For the previous month:

[[email protected] ~]# cd /var/log/sa/$(echo `date +%Y`|perl -p -e 's/\n//' ; echo $(printf "%02d" `date +%m-1|bc`)); ls -1 *.bz2 > files; cat files |while read file;do bunzip2 $file;done; ls -t -r |grep -oP '^sa\d+'|while read i ; do echo;echo "== `ls -alh $i|awk {'print $6,$7,$8'}` ==";sar -f $i -r 2>&1|grep -v "Invalid"|awk '{print $9" "$1" "$2}'|sort -n | tail -5 ; sar -f $i |grep -i restart -C4; done; echo

You can change the sar commands to print any data that you believe may be relevant, but in my experience, when the %commit grows over 1000% the server typically will become unresponsive. To better understand that you would certainly need to know what commit represents, though again that is something better covered in a separate post. Other types of data might show performance problems that would not cripple a system but would certainly indicate slow or poor performance. In general I wouldn't qualify this as downtime but it would be something worth investigating.You might then look into specific incidents in more detail to get an idea of just how long the event actually occurred and what impact it might have had on availability. For example, on this system I see that the server was rebooted on Oct 18, so I can view sar data from Oct 18 after bunzipping the sar data with the following command:

[[email protected] ~]# sar -f /var/log/sa/201210/sa18 -r

In this instance the sar data doesn't indicate any particular issues and I haven't included the output just for the sake of saving space in the article. Another good place to stop while you are investigating downtime is "sar -n DEV"  which could reveal potential network issues. A large spike in traffic could indicate an attack, while a sudden drop could indicate other network issues.

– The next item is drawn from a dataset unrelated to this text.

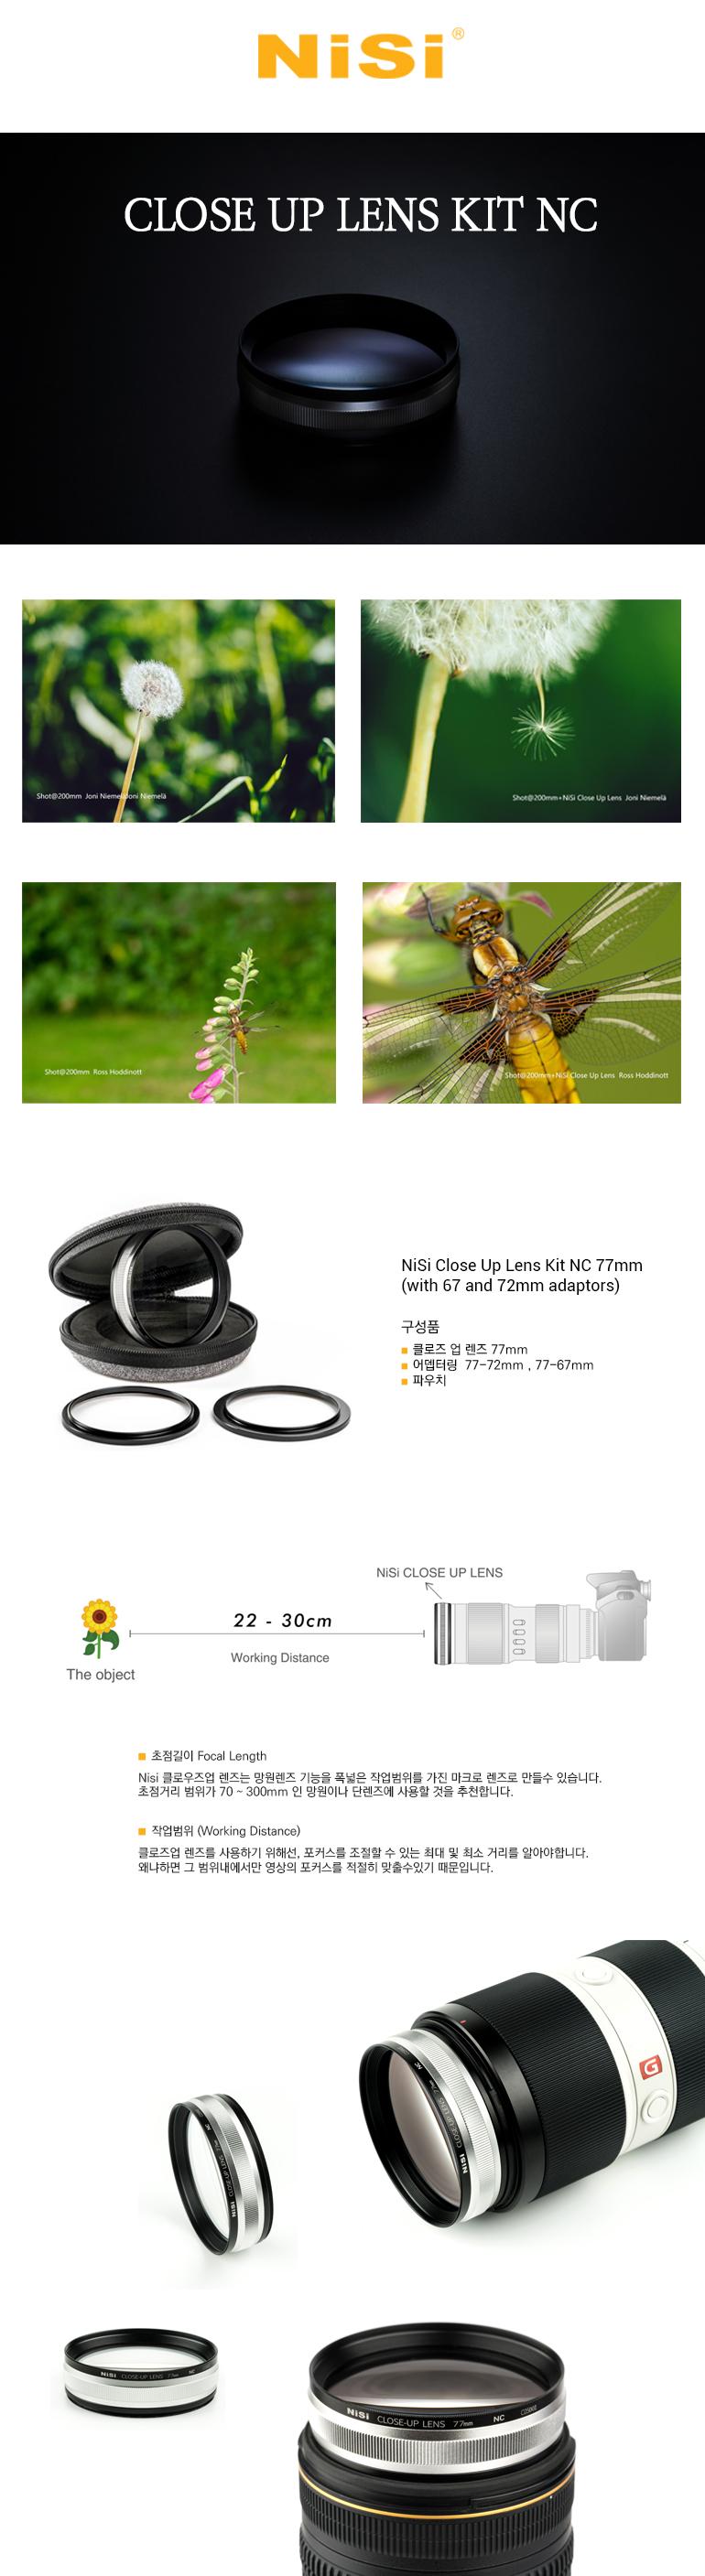 Nisi Closeup Lens leaflet 1.jpg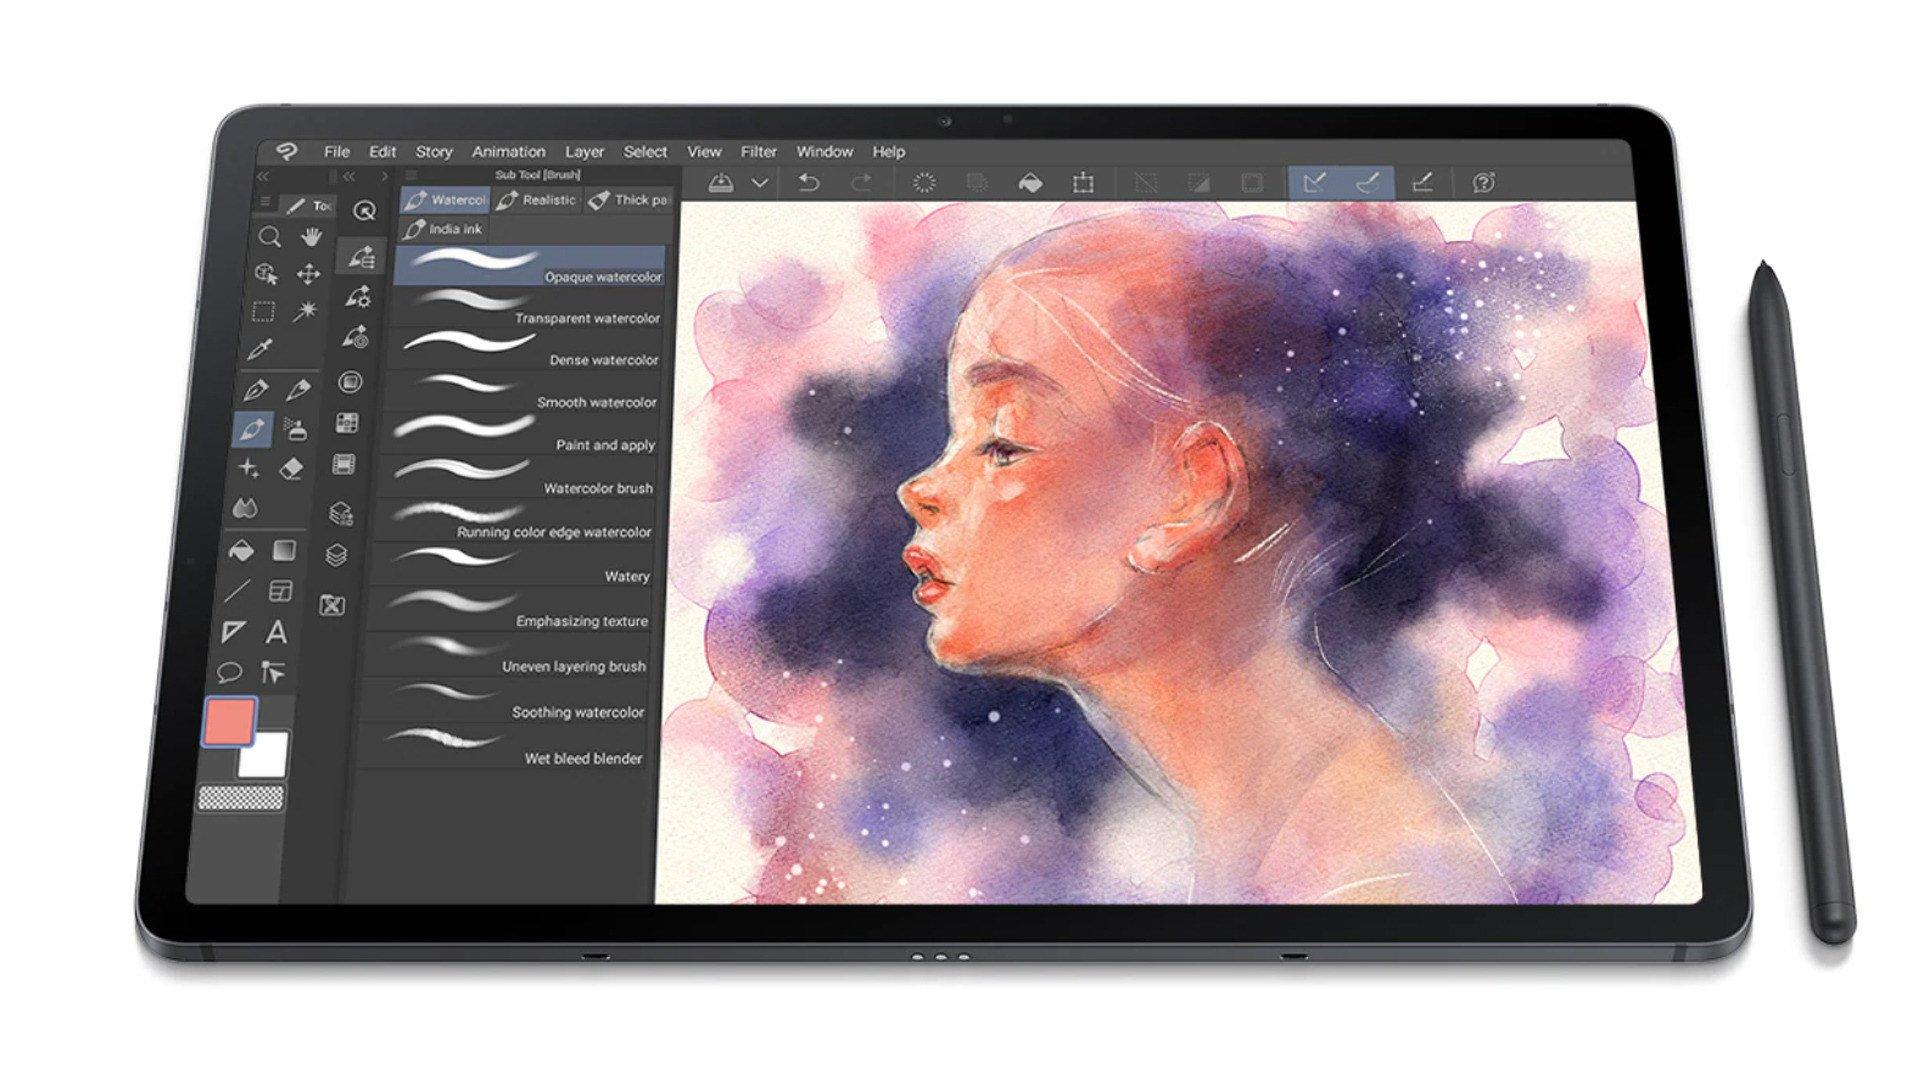 Samsung Galaxy Tab S7 FE: упрощённая версия Galaxy Tab S7+ с экраном на 12.4″, чипом Snapdragon 750G и стилусом S Pen за 649 евро

When you are finished with the sar data, you should clean up after yourself by bzipping the proper files. If you used the one-liners above, then the following should help you get everything cleaned up.

For the current month:

cd /var/log/sa/$(date +%Y%m); cat files|sed 's/.bz2//' |while read file;do bzip2 $file;done; rm -v files

For the previous month:

cd /var/log/sa/$(echo `date +%Y`|perl -p -e 's/\n//' ; echo `date +%m-1|bc`); cat files|sed 's/.bz2//' |while read file;do bzip2 $file;done; rm -v files

Outside of some basic math, that is all there really is to it. Further load isolation and investigation might lead you to problem points or bottle necks that should be addressed though this often takes time and experience to recognize. Additional article posted here in the future may help you decipher sar output and later find bottlenecks on a system.